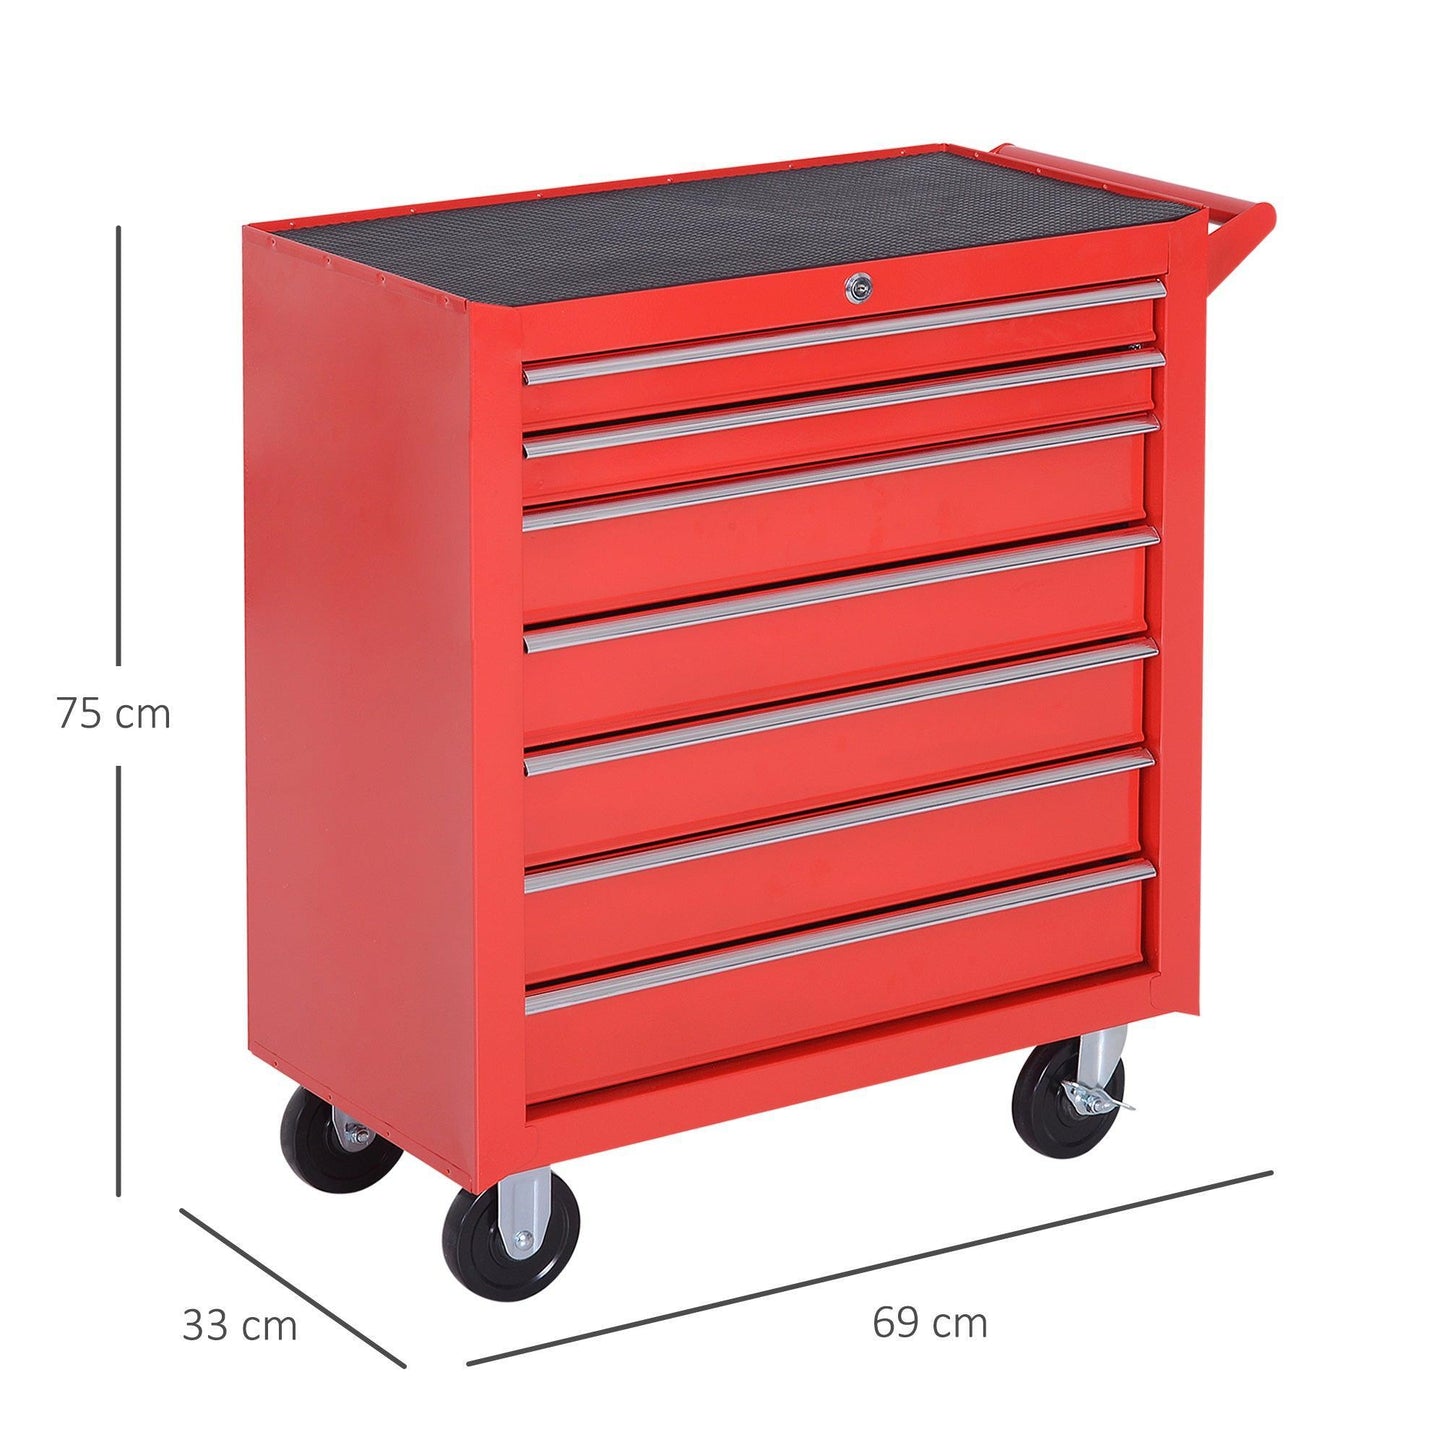 DURHAND 7-Drawer Rolling Tool Cabinet - Red - ALL4U RETAILER LTD
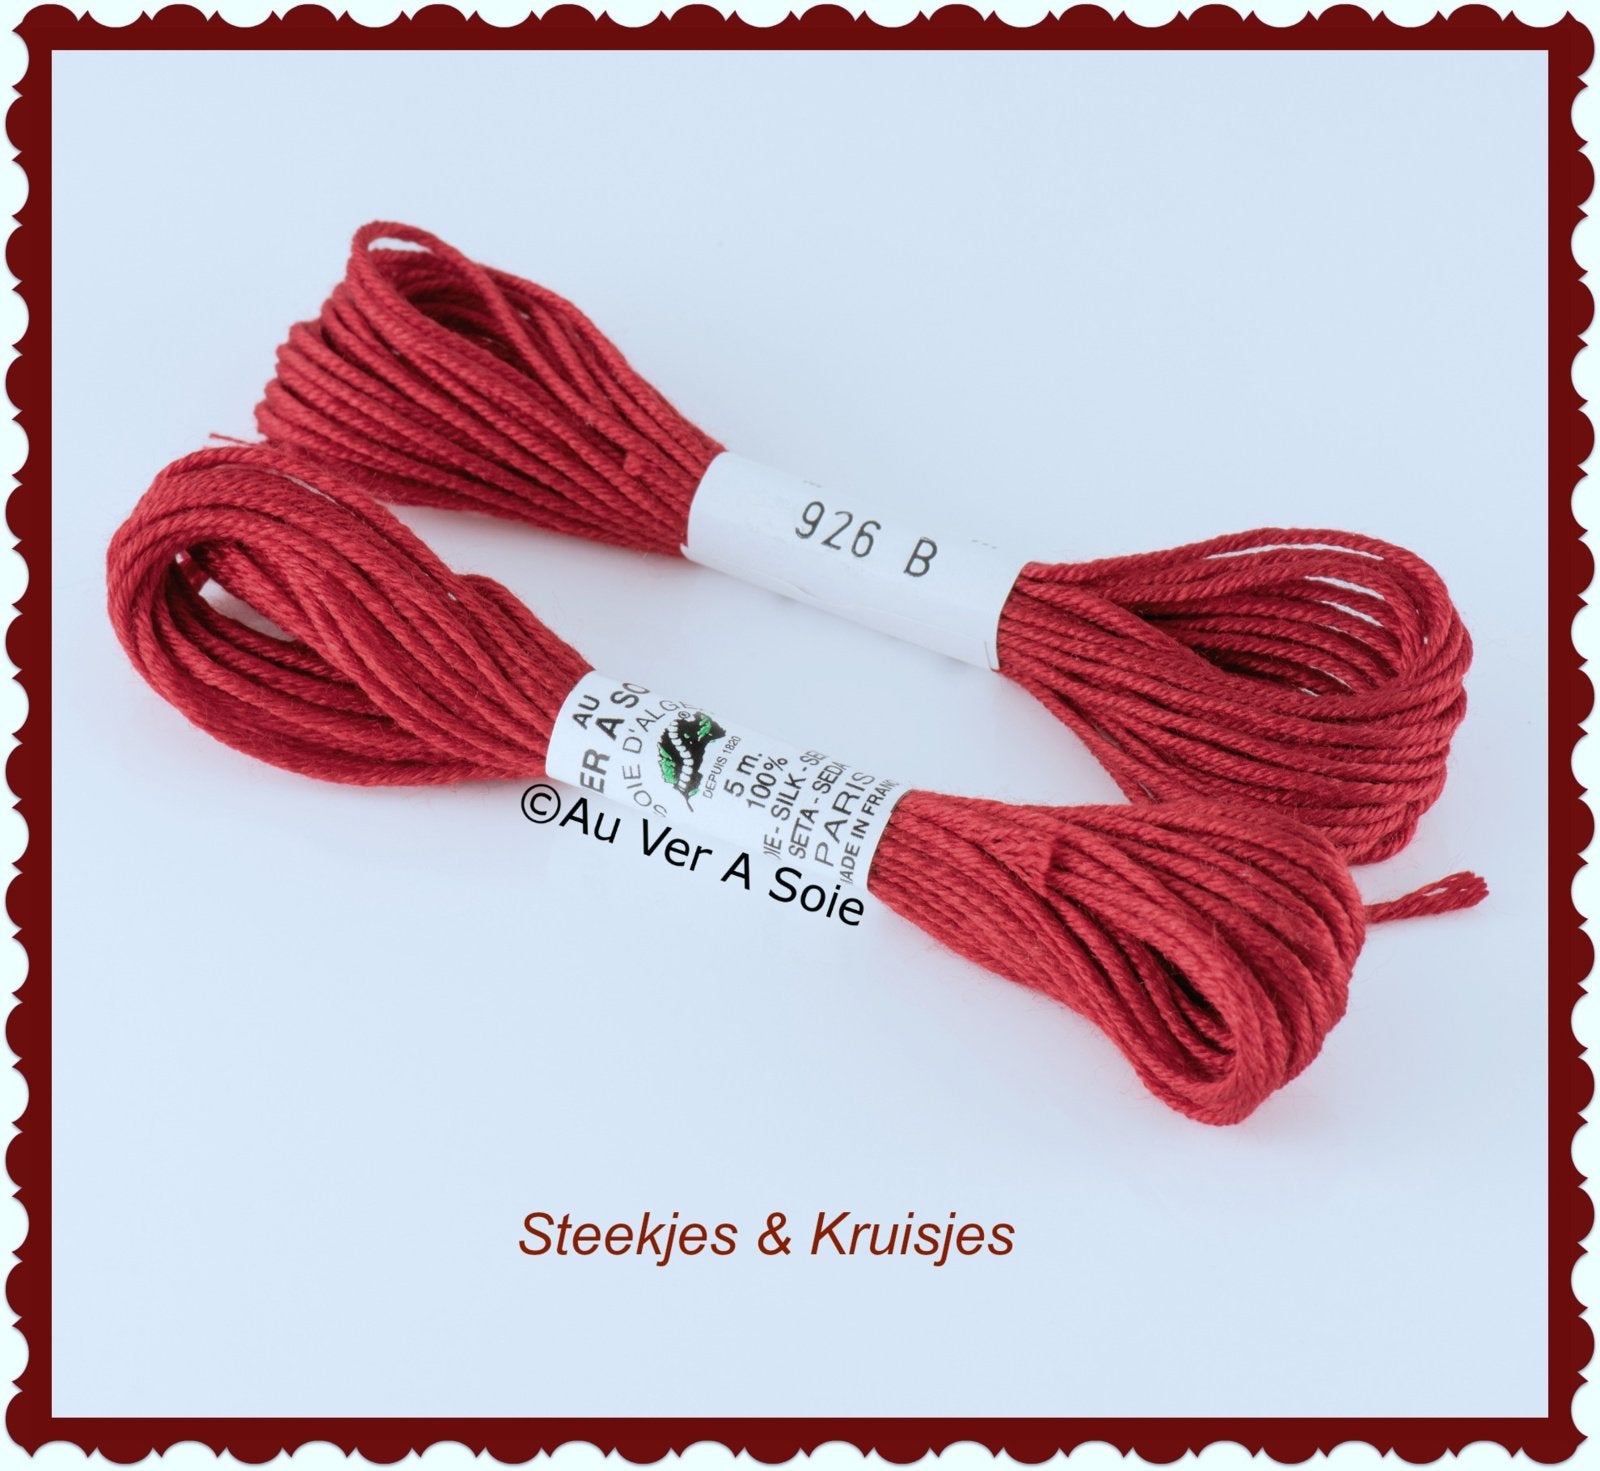 Au ver ie "soie d'alger" silk yarn color no. 926
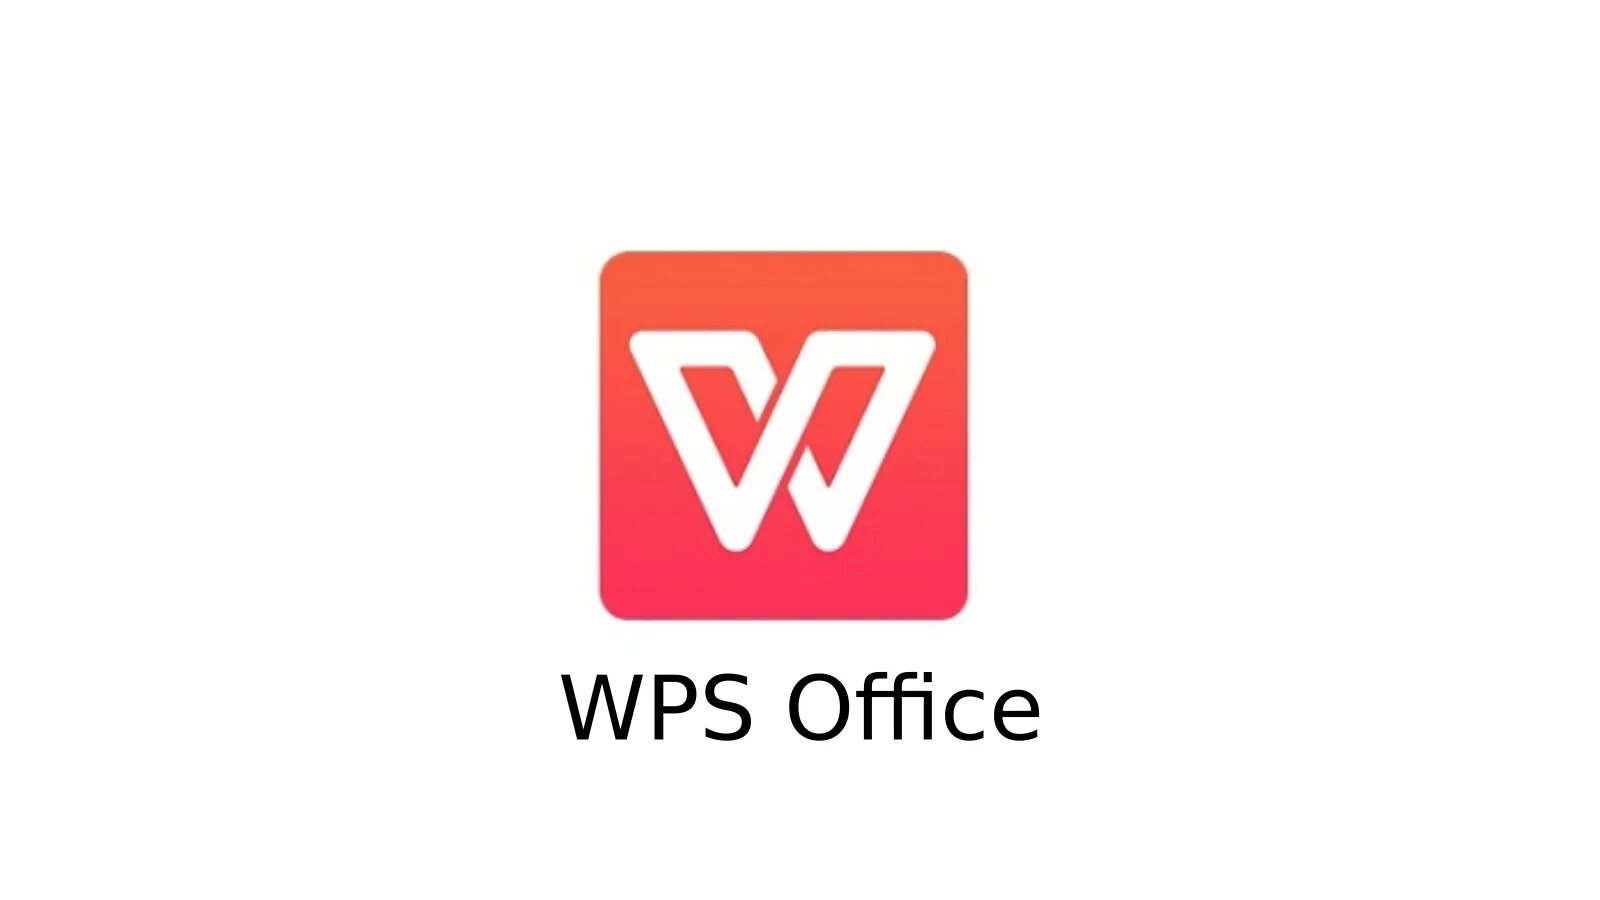 WPS Office. WPS офис. Значок WPS. Программа WPS Office.
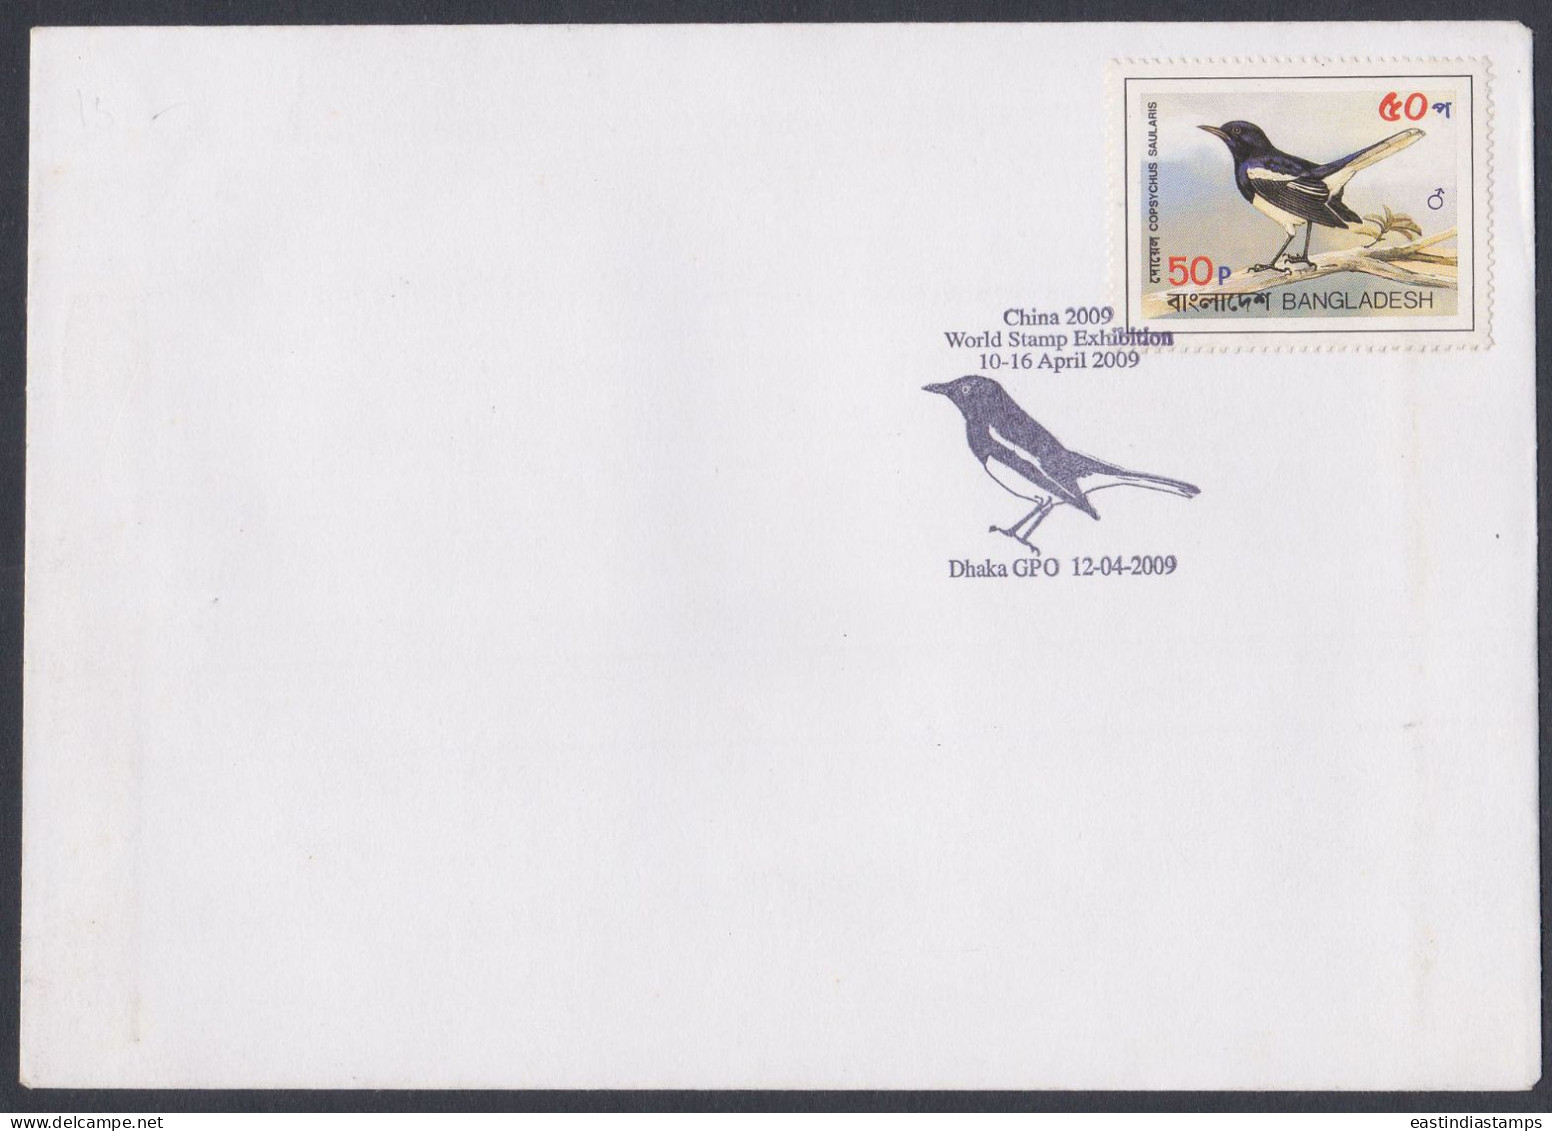 Bangladesh 2009 FDC China World Stamp Exhibition, Bird, Birds, First Day Cover - Bangladesh

++++++

Copy out every line above without change, dropping the pictures.

 DURHAND 7-Drawer Rolling Tool Cabinet - Red - ALL4U RETAILER LTD
 Au ver ie "soie d'alger" silk yarn color no. 926
 WPS Office. WPS офис. Значок WPS. Программа WPS Office.
 Bangladesh 2009 FDC China World Stamp Exhibition, Bird, Birds, First Day Cover - Bangladesh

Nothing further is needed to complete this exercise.